Hi, as I mentioned above I think that 2001 expanded and improved upon Arthur C Clarke's 'The Sentinel', and Blade Runner on Philip K Dick's 'Electric Sheep'.

There's also 'One Flew Over the Cuckoo's Nest' and 'The Shining'. Jack Nicholson took both of the stories to different places.


----------



## Elckerlyc (Jul 10, 2021)

The question, I think,  was whether you in general prefer reading book or watch a movie. Well, for me that's books. A good fat door-stopper can keep me entertained for a few days. A movie will perhaps keep me busy for 2 hours or so. It's more of an 'in between' thing, a time-killer, where a book is more of an immersing experience.
Also, there are very, very (did I mention 'very' already?) few movies lately that can make me putting my book down to watch a movie in stead.

About movies better than the novel they are based on; I found the film-version of 'The Name of the Rose' more interesting than the novel was.


----------



## Lawrence Twiddy (Jul 10, 2021)

paranoid marvin said:


> Hi, as I mentioned above I think that 2001 expanded and improved upon Arthur C Clarke's 'The Sentinel', and Blade Runner on Philip K Dick's 'Electric Sheep'.
> 
> There's also 'One Flew Over the Cuckoo's Nest' and 'The Shining'. Jack Nicholson took both of the stories to different places.
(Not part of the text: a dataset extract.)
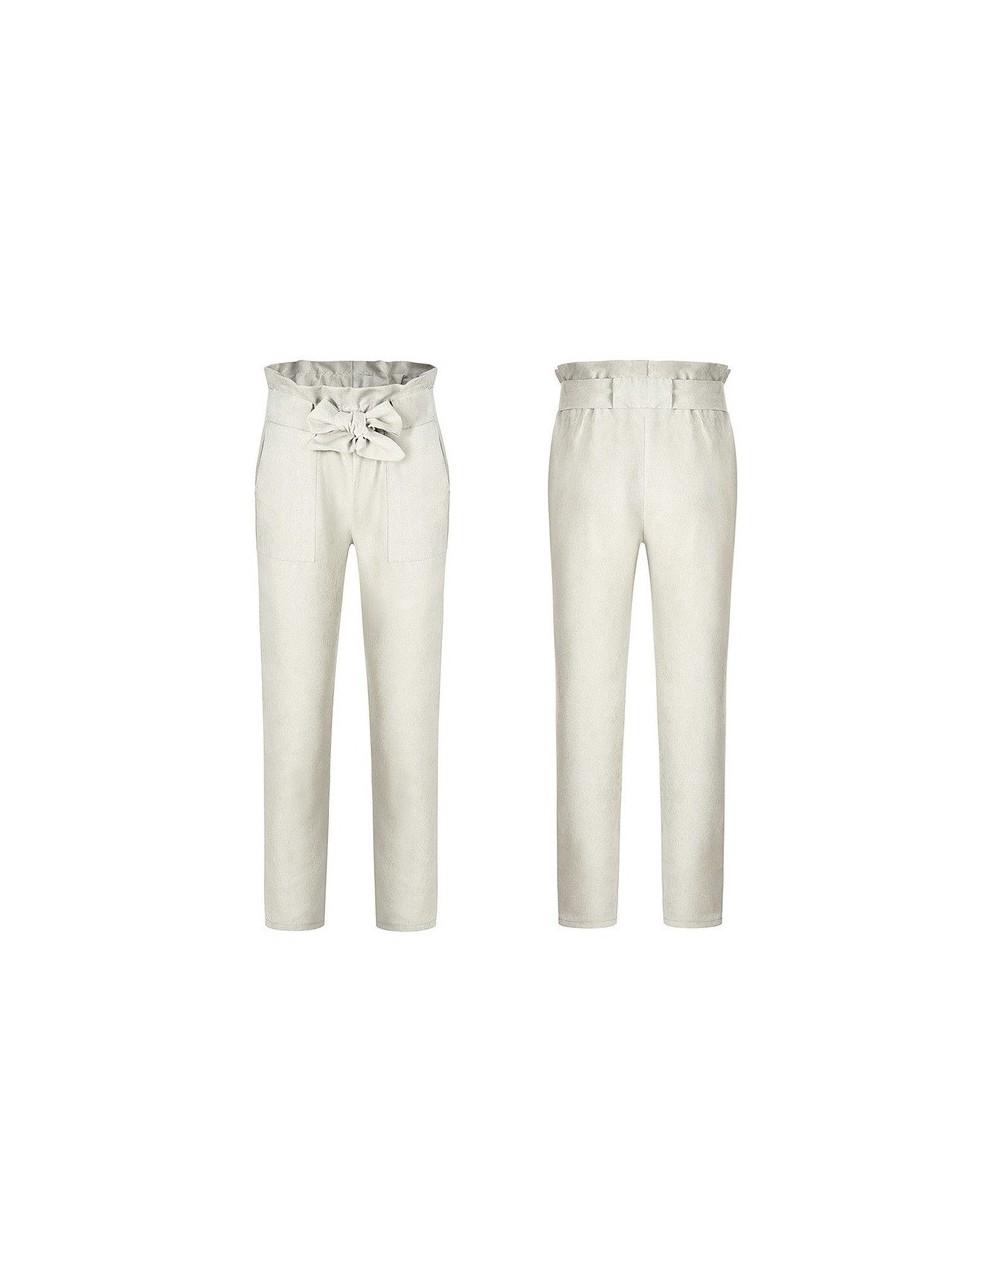 Fashion Women's High Waist Drawstring Elastic Long Pants Casual Pencil Trousers - White - 4O3015881449-9

Oh yeah I saw that but I thought you mentioned them because they deviate or expanded on a idea rather than try emulate its original form in film. 
Blade runner is loosely based upon Phillips K Dick’s original work so tough to compare. And with 2001, Arthur C Clarke actually co-wrote it, so I love that as he is the original architect and involved in the film spin off, but again hard to compare himself to himself.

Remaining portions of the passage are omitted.